Say I have the following string:

mystr = "6374696f6e20????28??????2c??2c????29"

And I want to replace every sequence of "??" with its length\2. So for the example above, I want to get the following result:

mystr = "6374696f6e2022832c12c229"

Meaning:

  • ???? replaced with 2
  • ?????? replaced with 3
  • ?? replaced with 1
  • ???? replaced with 2

I tried the following but I'm not sure it's the good approach, and anyway -- it doesn't work:

regex = re.compile('(\?+)')
matches = regex.findall(mystr)
if matches:
        for match in matches:
                match_length = len(match)/2
                if (match_length > 0):
                        mystr= regex .sub(match_length , mystr)
api pota
  • 109
  • 12
  • 1
    Just pass `lambda m: str(len(m.group())//2)` to `re.sub` – Aran-Fey Jan 24 '18 at 18:00
  • @Rawing Wouldn't that replace `???` with `1`? Not sure that's ok. – Stefan Pochmann Jan 24 '18 at 18:03
  • @StefanPochmann Well, what's the alternative?

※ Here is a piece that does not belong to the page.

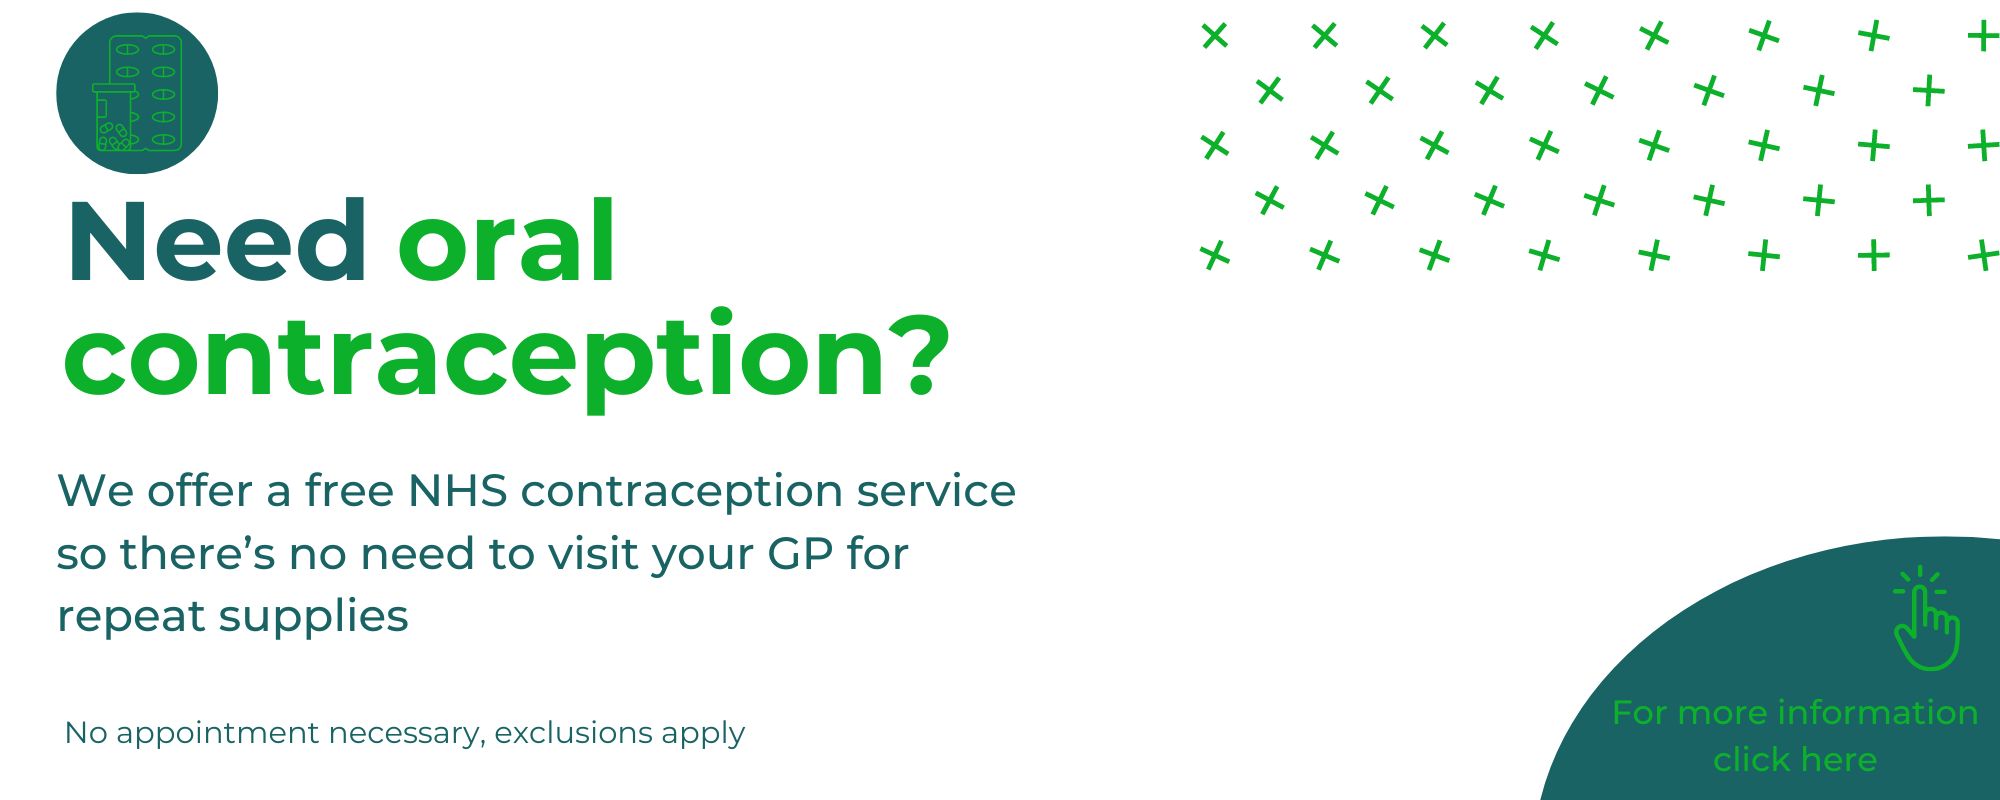 Pharmacy contraception service click here for more information
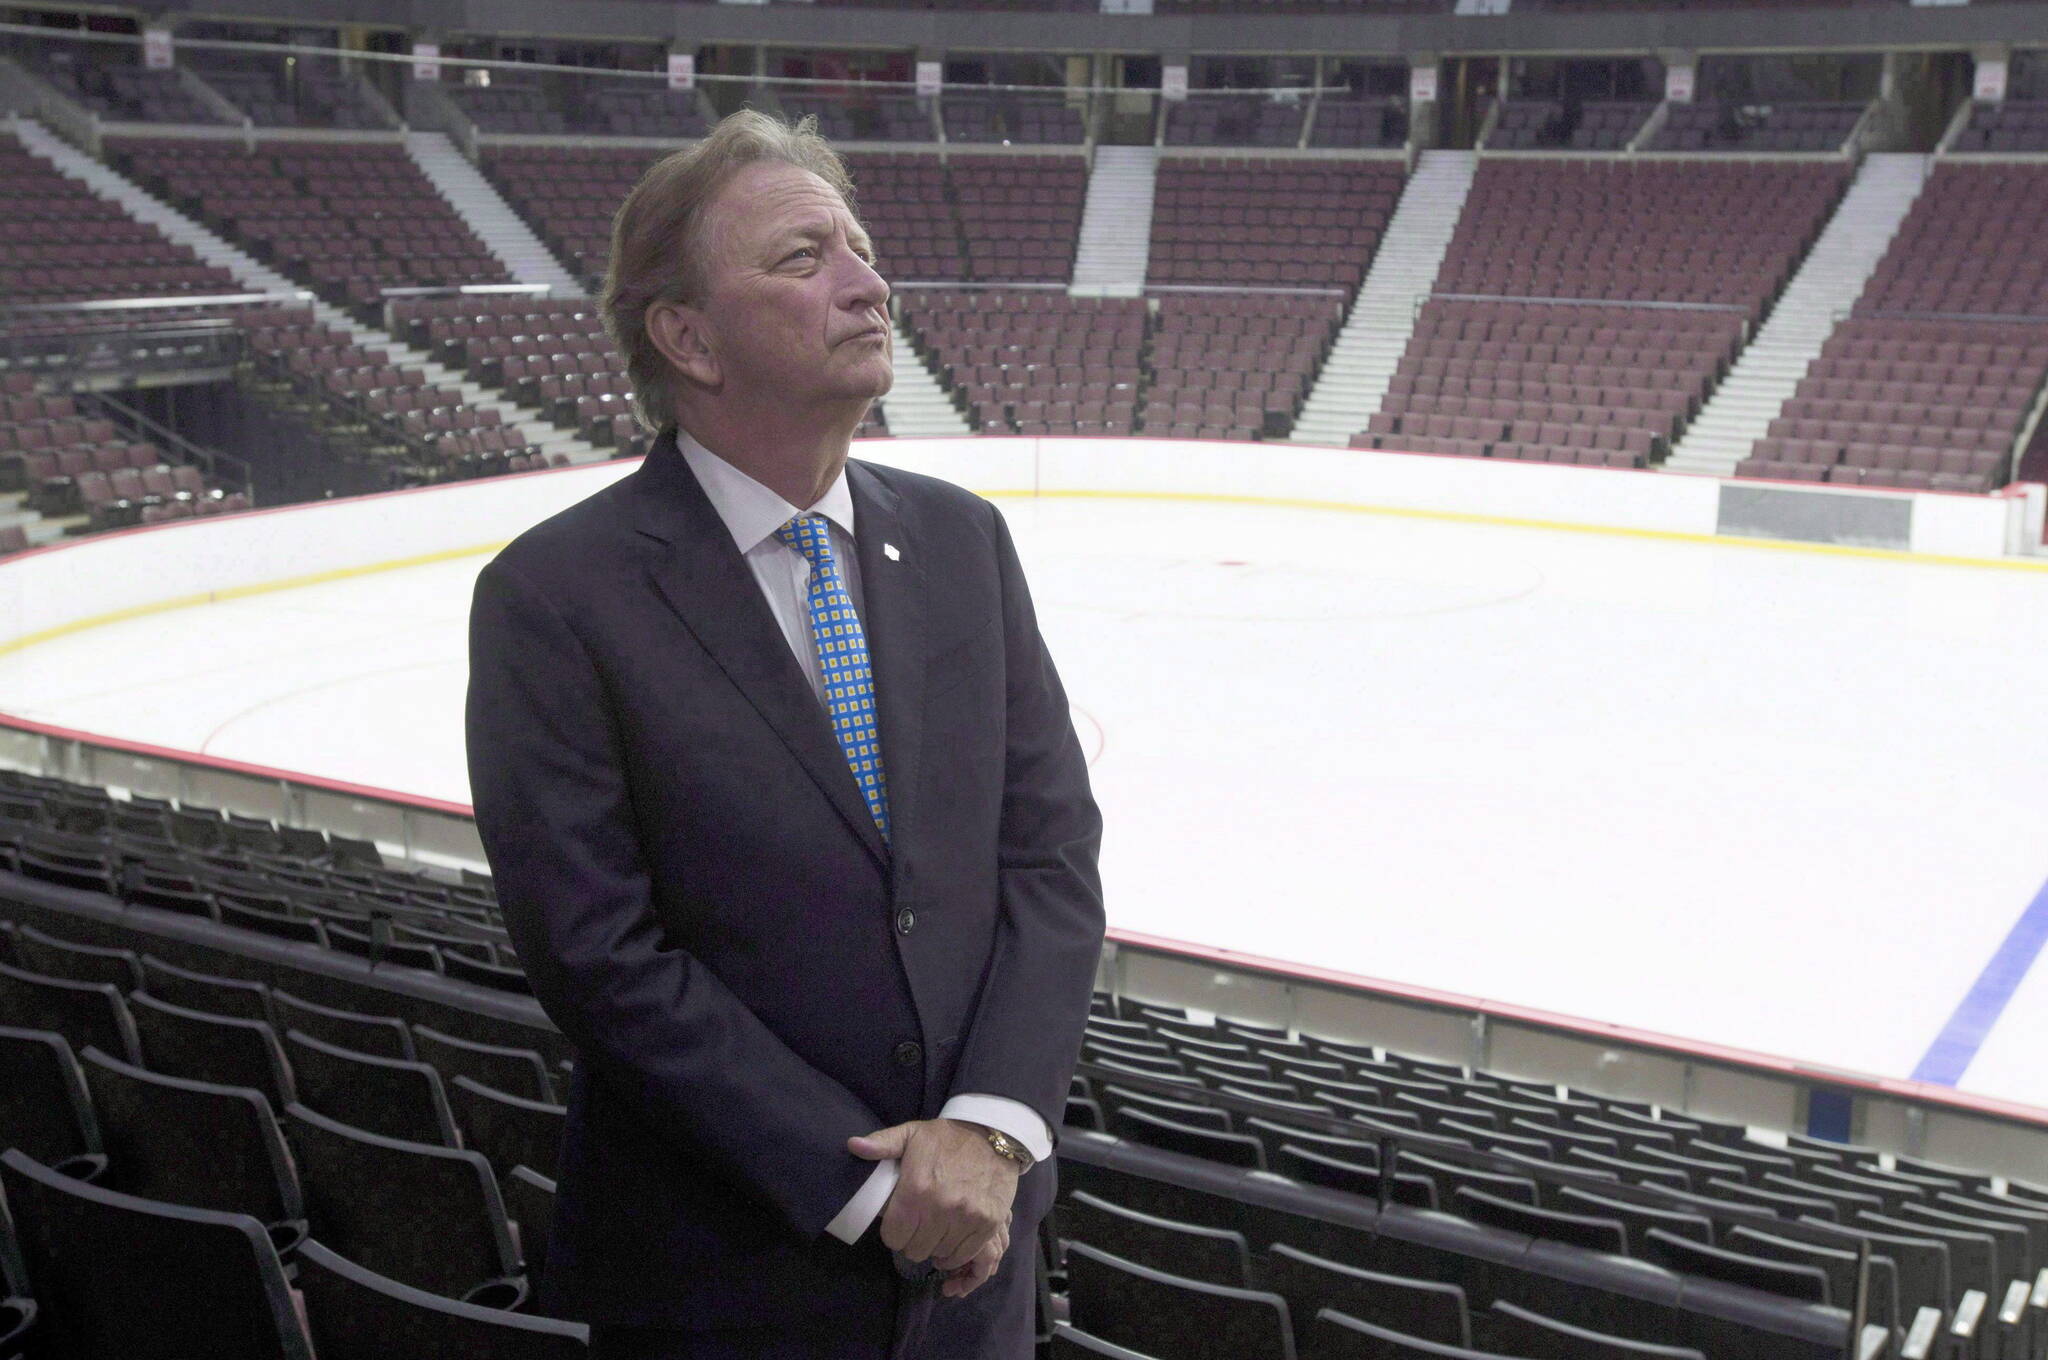 Ottawa Senators owner Eugene Melnyk stands near the ice as members of the media are given a tour of changes to the Canadian Tire Centre in Ottawa on September 7, 2017. Melnyk is suing his business partner for $700 million in a development deal that was meant to bring a new NHL arena to Ottawa’s downtown. THE CANADIAN PRESS/Adrian Wyld

Replacing it with `1.5`? – Aran-Fey Jan 24 '18 at 18:04
  • @Rawing Replacing `??` with `1` and leaving the third `?` alone. – Stefan Pochmann Jan 24 '18 at 18:05
  • @StefanPochmann Either way, the lambda is fine. If you want to leave odd numbers of question marks alone, you'll have to use a different regex, not a different replacement function. `(?:\?\?)+` should do it. – Aran-Fey Jan 24 '18 at 18:08
  • Thanks @Rawing, that solved the problem. Will you elaborate this to an answer and explain how the lambda works in this case so I can accept it. Since you were the first to mention the solution – api pota Jan 24 '18 at 18:10
  • @apipota Please mark the question as a duplicate. I'm not sure what there is to explain; the duplicate I linked contains a short explanation and a link to the official docs if for some reason you need more information about replacement functions. – Aran-Fey Jan 24 '18 at 18:12

1 Answers1

3

You can use a callback function in Python's re.sub. FYI lambda expressions are shorthand to create anonymous functions.

See code in use here

import re

mystr = "6374696f6e20????28??????2c??2c????29"
regex = re.compile(r"\?+")

print(re.sub(regex, lambda m: str(int(len(m.group())/2)), mystr))

There seems to be uncertainty about what should happen in the case of ???. The above code will result in 1 since it converts to int. Without int conversion the result would be 1.0. If you want to ??? to become 1? you can use the pattern (?:\?{2})+ instead.

ctwheels
  • 21,901
  • 9
  • 42
  • 77